It was one helluva an election season on the shores of Lake Michigan. Last summer I was brimming with optimism. The Chicago Teachers Union(CTU) had people out canvassing the neighborhoods. CTU President Karen Lewis was polling well in a possible mayoral bid and it looked like Mayor Rahm Emanuel  was on the run.

I foresaw an electoral revolution in the works. As a veteran of the Harold Washington days, I imagined the charismatic Karen Lewis recruiting a working class army of supporters,  including the the working poor and the unemployed. Energetic reform candidates for City Council would emerge. Many of the largely Black and Brown non-voters would finally have something worth voting for—for a change.

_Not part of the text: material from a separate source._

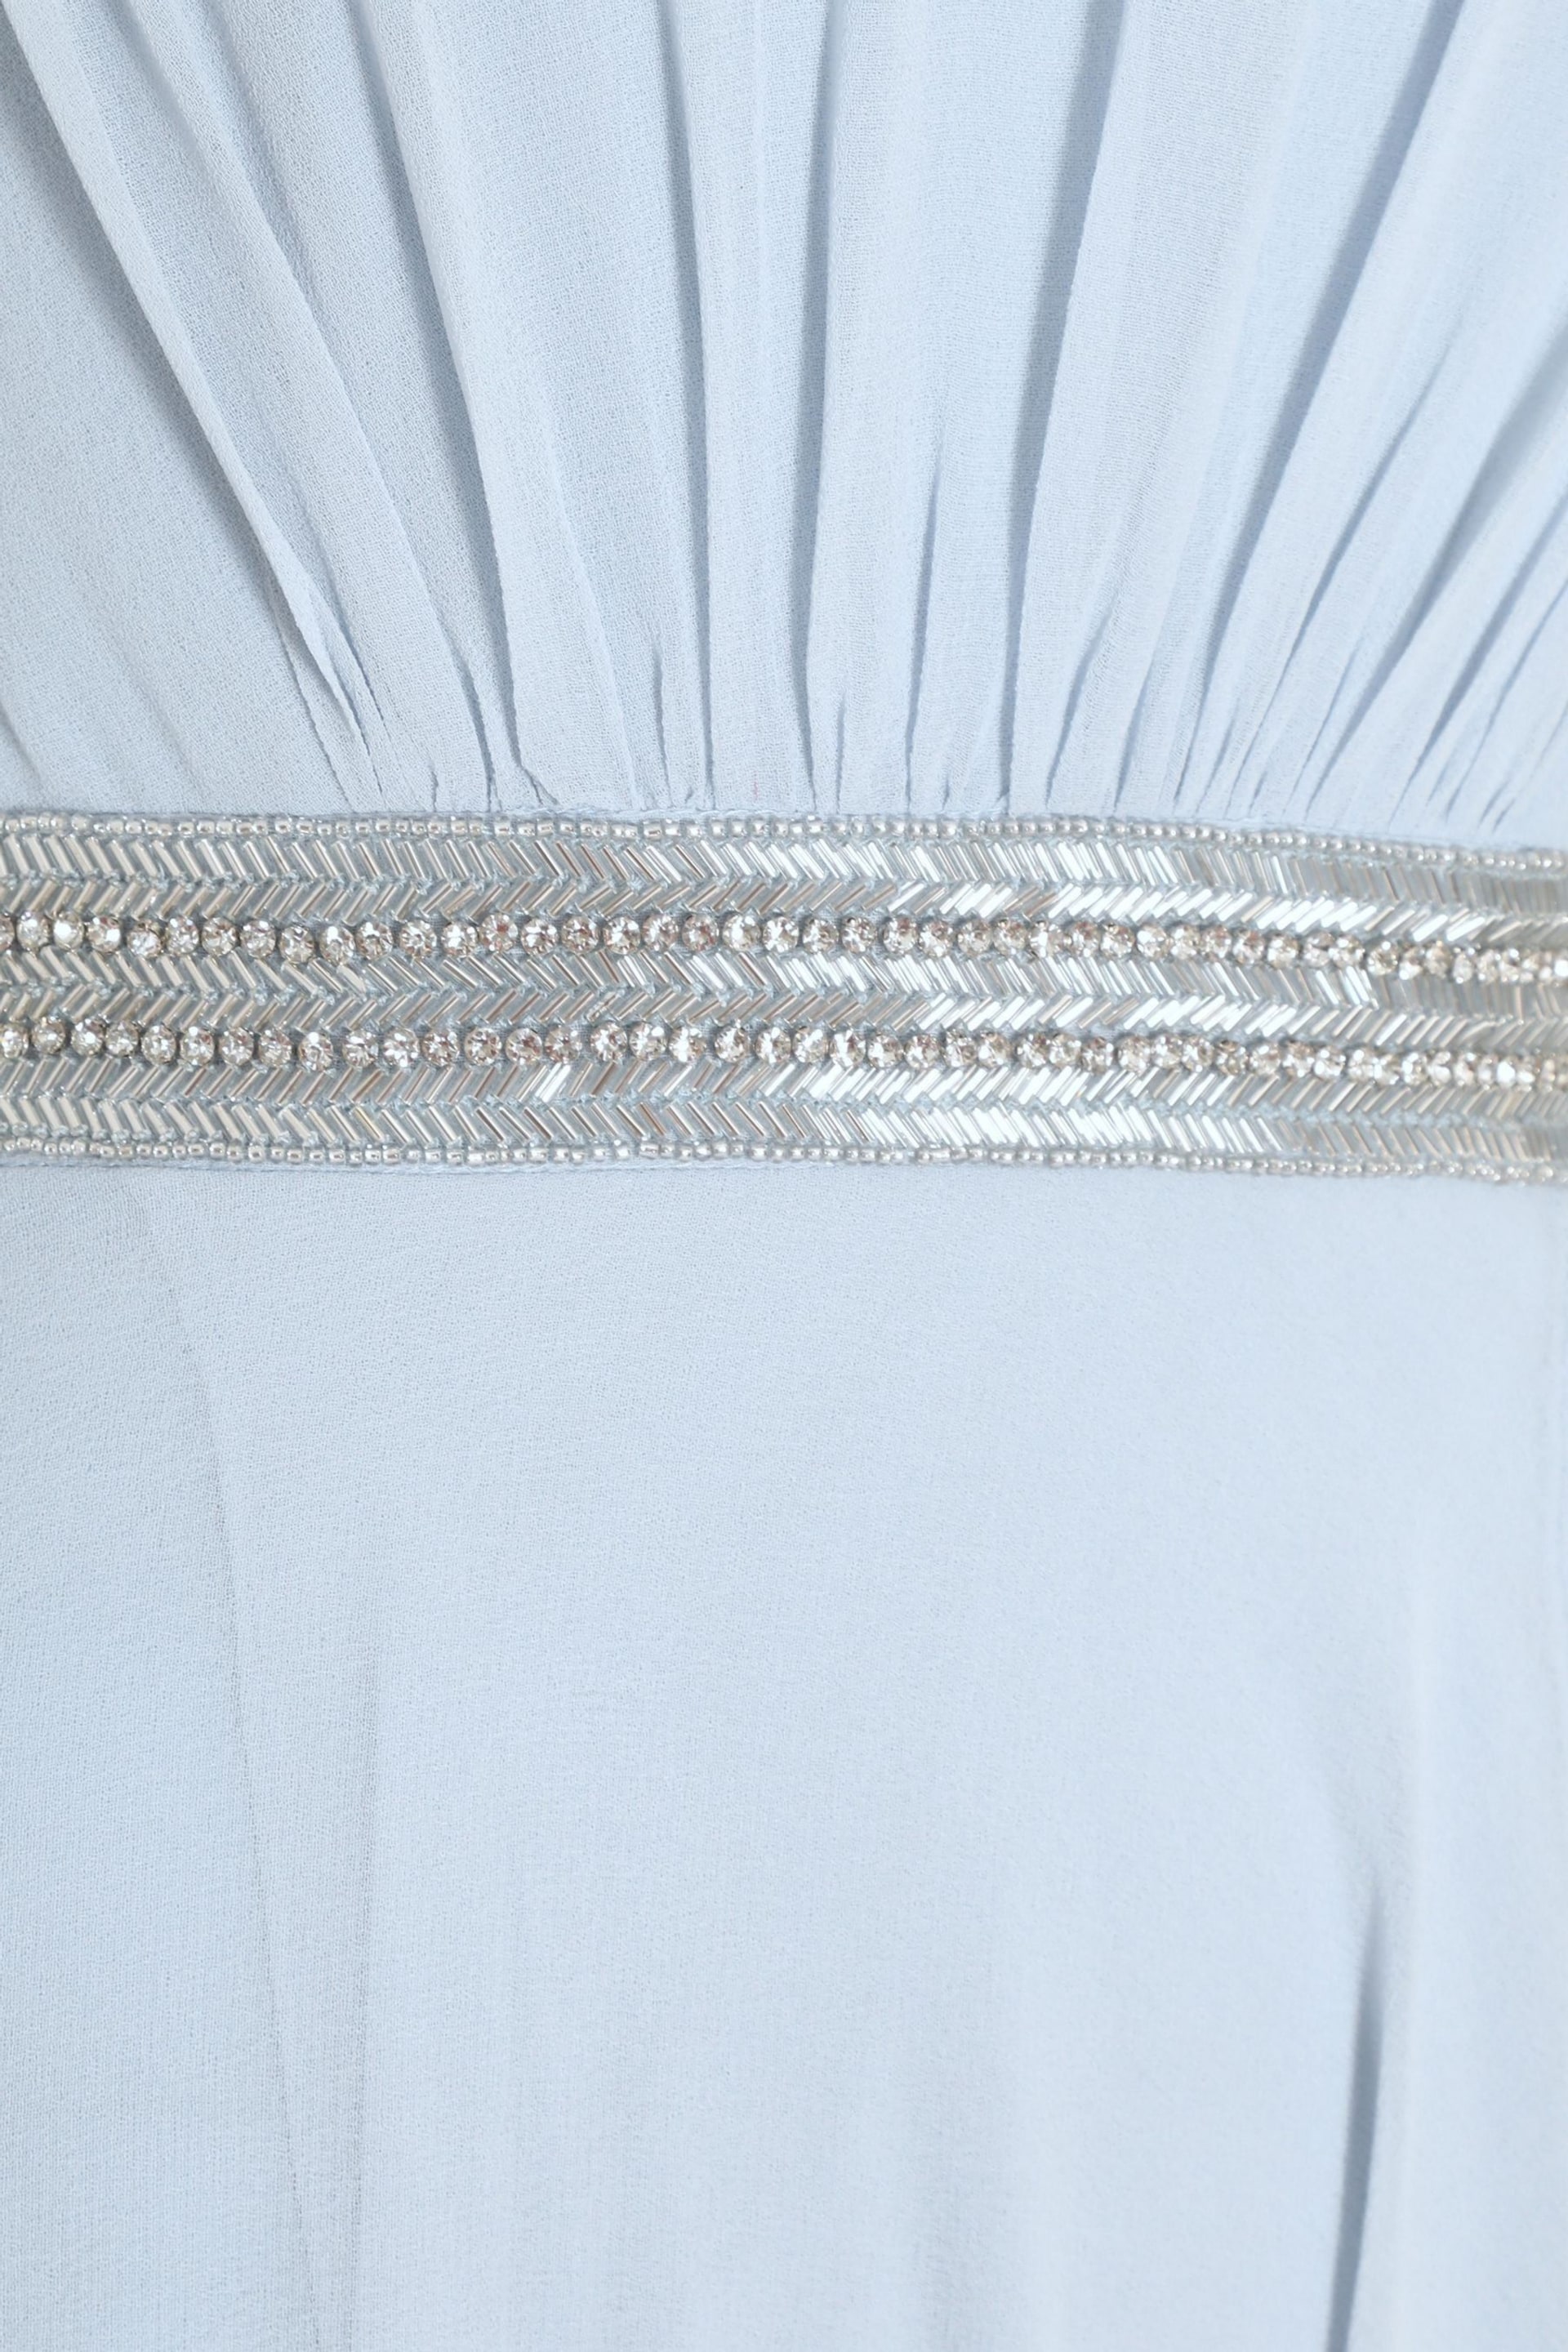 Quiz Light Blue Chiffon Maxi Bridesmaid Dress with Sequin Belt - Image 8 of 8
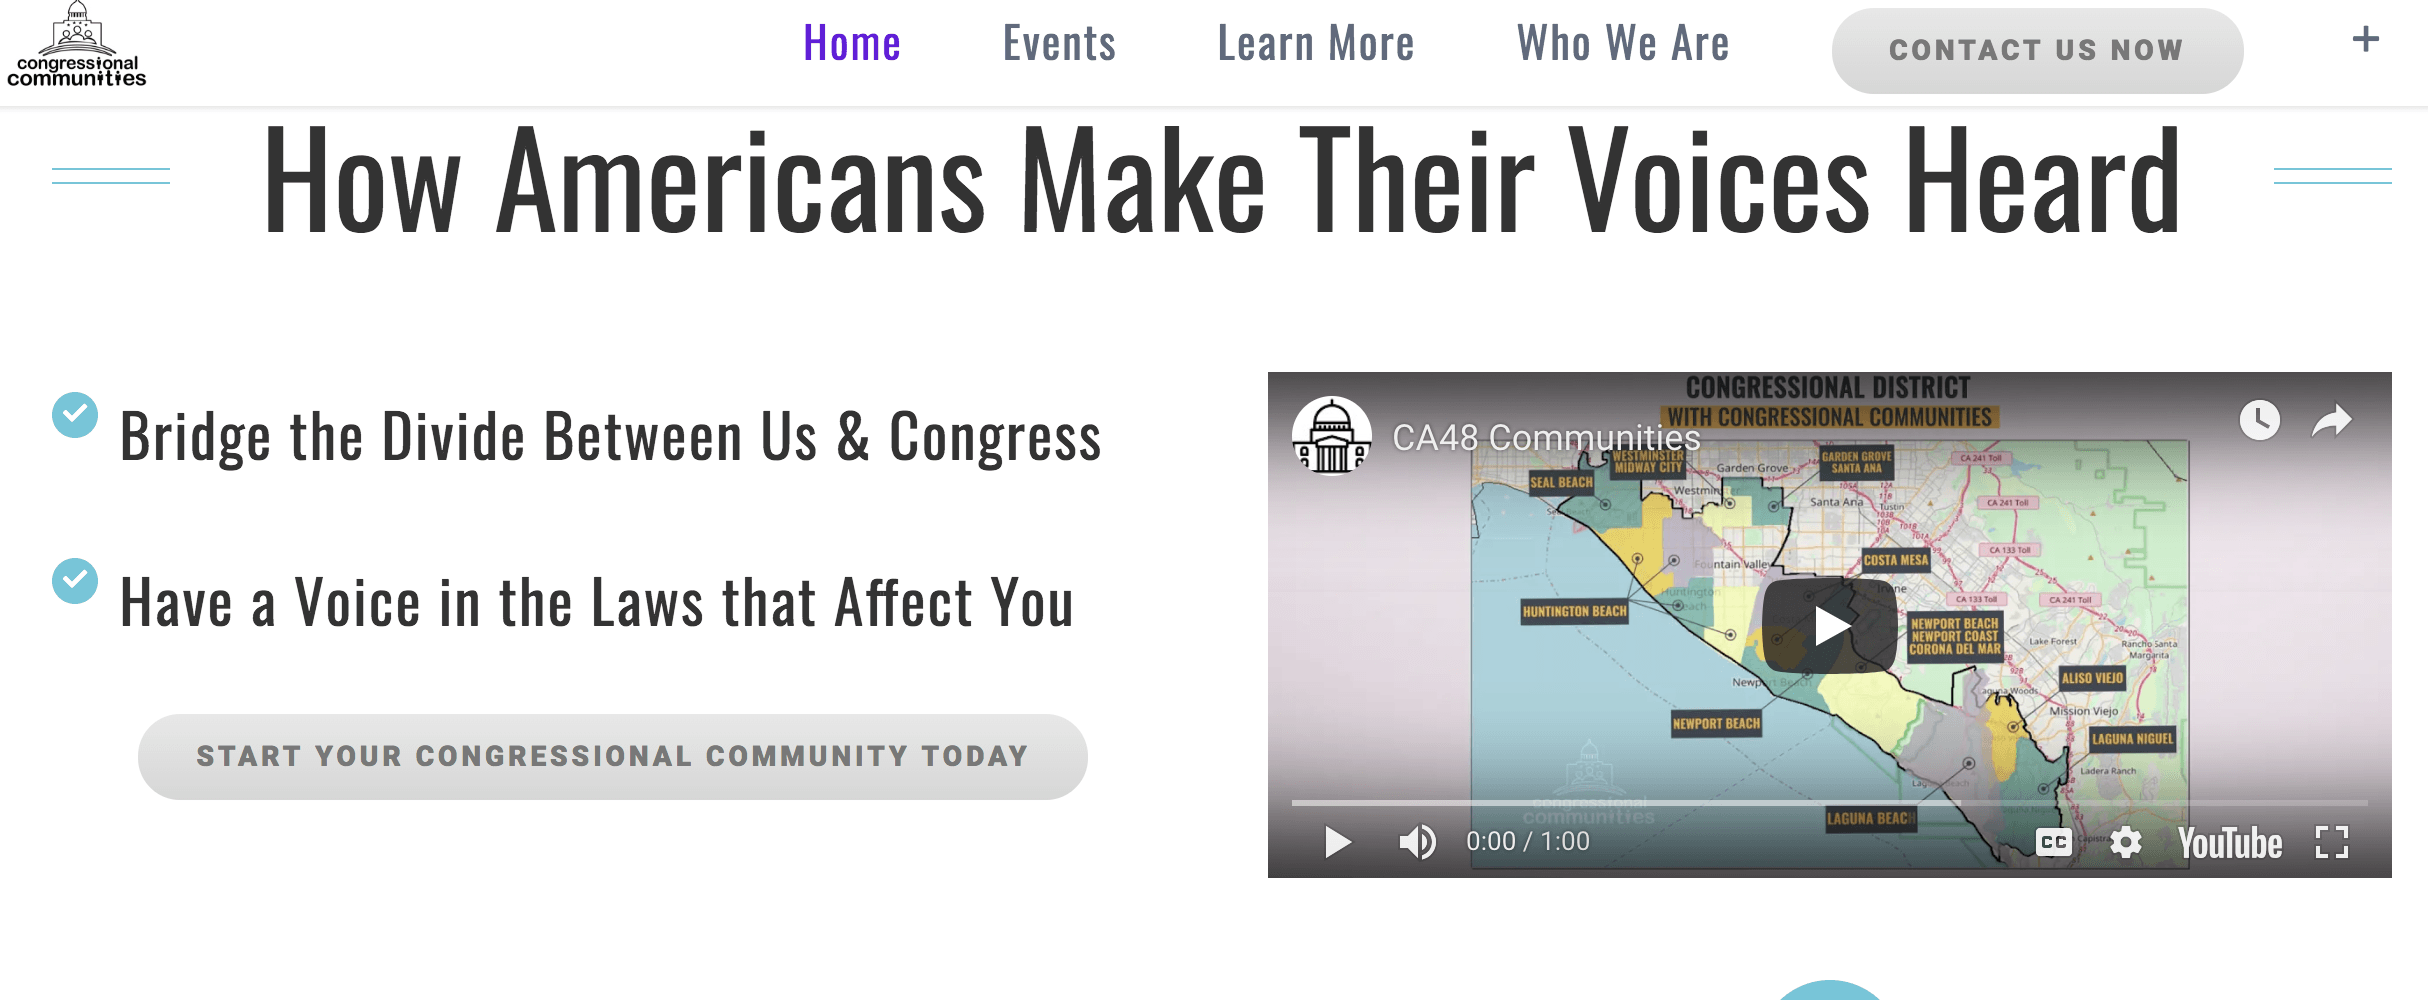 congressional communities website screenshot pop shop america web designers

 photo Karen.jpgKaren Lewis at the New Era Windows workers co-op

A multi-racial rainbow coalition would sweep into power on election day and the day after election day, face the combined wrath of the LaSalle Street bankers and hedge fund bunco artists. But we would not only have people in office, we’d have a powerful movement for social and economic justice to back them up.

It didn’t happen. Karen announced that she was seriously ill with a brain tumor and could not run. She is now undergoing treatment. (BTW Chicagoans love to call their politicians by their first names).

The United Working Families organization is born

We did create a new independent fighting organization when CTU and SEIU Healthcare Illinois-Indiana joined forces with two reform groups, Grassroots Collaborative and Action Now to create United Working Families (UWF). UWF funneled training, volunteers and money to independents and reform Democrats running for aldermanic seats, as well as to Karen’s anointed successor as a candidate, Chuy Garcia. Chicago municipal elections are technically non-partisan. 50%+1 and you avoid a runoff. If no one makes 50%+1 , the two top candidates go into a runoff.

The aldermanic elections were important because even though the mayor holds a lot of power, a City Council majority makes the mayor’s job a lot easier.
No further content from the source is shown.